Flipping Through Kapital Lookbooks at Cotton Sheep - San Francisco


Life sometimes has a funny way of surprising you when you least expect it.

Every year, my wife and I try and take a trip out to the Bay Area, and in recent years that's meant trying to finagle a way to get myself to Unionmade's brick and mortar location in the Mission District. On our most recent visit, I found myself trudging through Hayes Valley trying to come up with an excuse for how I could scam my wife to get over there (Bi-Rite Creamery and Dolores Park have been bankable in the past) when out of the corner of my eye I caught a glimpse of a window display with a mannequin clad in an artfully rumpled tweed jacket, faded patchwork bandana scarf, and indigo cotton sashiko pants. I had just discovered Cotton Sheep - the coolest little store I was never looking for.
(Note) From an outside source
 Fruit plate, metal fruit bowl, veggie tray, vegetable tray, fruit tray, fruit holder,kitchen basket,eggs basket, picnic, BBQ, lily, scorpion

Cotton Sheep is a small family-owned boutique specializing in Japanese labels like Kapital, Visvim, and a few others I'd never even heard of. Inside the store, you'll find an assortment of some the more lusted-after Kapital pieces in the catalogue, including a wealth of Century Denim and a few different flavors of ring coats adorning the wall. They carry a lot of items you'd probably be hard-pressed to find anywhere else in America, and yet that's only a small part of what makes Cotton Sheep special.



 

Aria, the owners' daughter who happened to be running the shop that day, informed me that they were actually the first store outside of Japan to carry Kapital, and every year her older brother Rue travels back to the showroom in Japan to check out the new season's collection. Family friends of much of the Kapital crew, they've both been asked to model for lookbooks in the past, though they've always declined to this point. When Kapital finished their documentary "Kapital World" (which you can watch for free online) for the shooting of their 2014 spring collection "Sailor Ninja" - the most Japanese and Kapital-esque title imaginable - one of the few screening locations around the world was at Cotton Sheep, where they had a big viewing party and her mom ran around the shop a little tipsy. It happened - I saw the pictures. They were adorable.
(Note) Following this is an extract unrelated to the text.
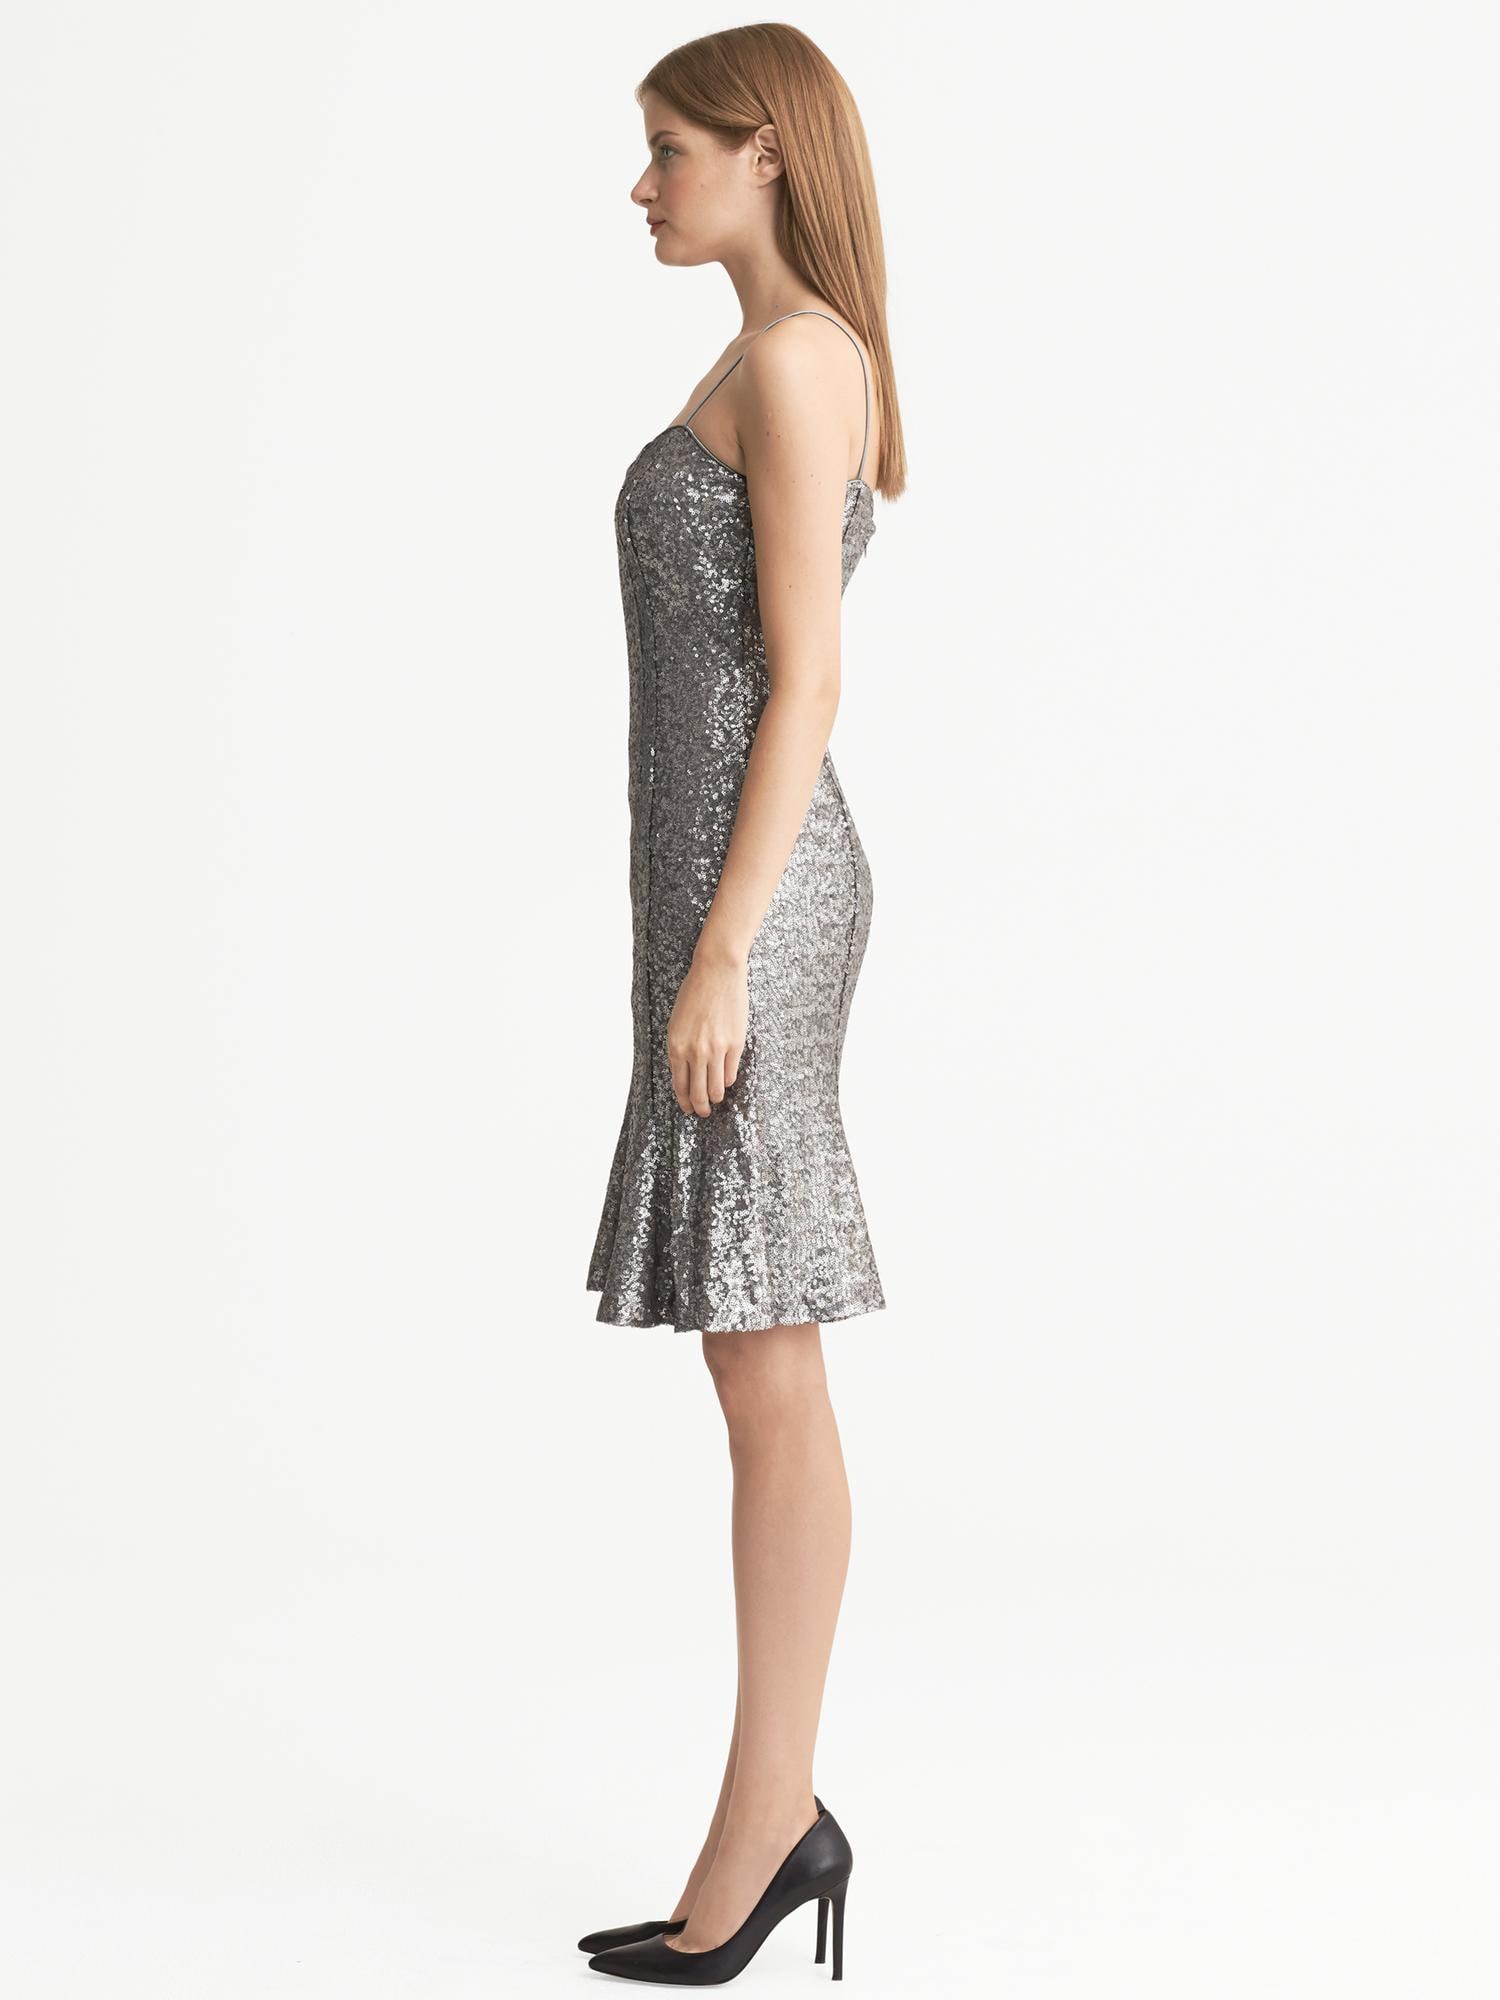 L'Wren Scott Collection Sequin Wiggle Dress

Cotton Sheep "Kapital World" Screening

After showing me the scrapbook from the "Kapital World" screening, Aria brought out a stack of old lookbooks they had behind the counter from past seasons for me to flip through while we chatted about various topics like Japanese style, the Kansei region her mother's side is from (which she affectionately described as "The 'Jersey Shore' of Japan"), and the little Japanese guy with the moustache you might have noticed in so many Kapital pictures whose name we couldn't remember (it's "Kohei Manabe," she later recalled). I'm not sure exactly how long I was there, honestly, but it's hard to recall a happenstance encounter in recent memory I've enjoyed as thoroughly. As I mentioned, life has a funny way of surprising you when you least expect it, and little impromptu moments of magic are all too rare.




 
It's easy these days to think of businesses as faceless corporate entities, and in doing so we often forget about the people behind them. I'll be the first to admit that the manner in which I usually shop tends to only enforce that view, and yet in the short time I spent at Cotton Sheep, I came away with a feeling completely opposite. Though they offer a quality range of products in and of themselves, I can't think of a better example of a family business that foremost feels like a family. I suppose I have Aria to thank for that, in large part, though thumbing through Cotton Sheep's Instagram feed, which frequently features family and staff modelling clothes or Rue's travels in Japan, only adds to that sentiment.


You can find Cotton Sheep on their retail site or follow their Instagram account here. Otherwise, I'd highly recommend dropping by if you're in the Hayes Valley area. It's true I couldn't possibly guarantee the same type of experience, but at the bare minimum, there are ring coats. Shouldn't that be enough?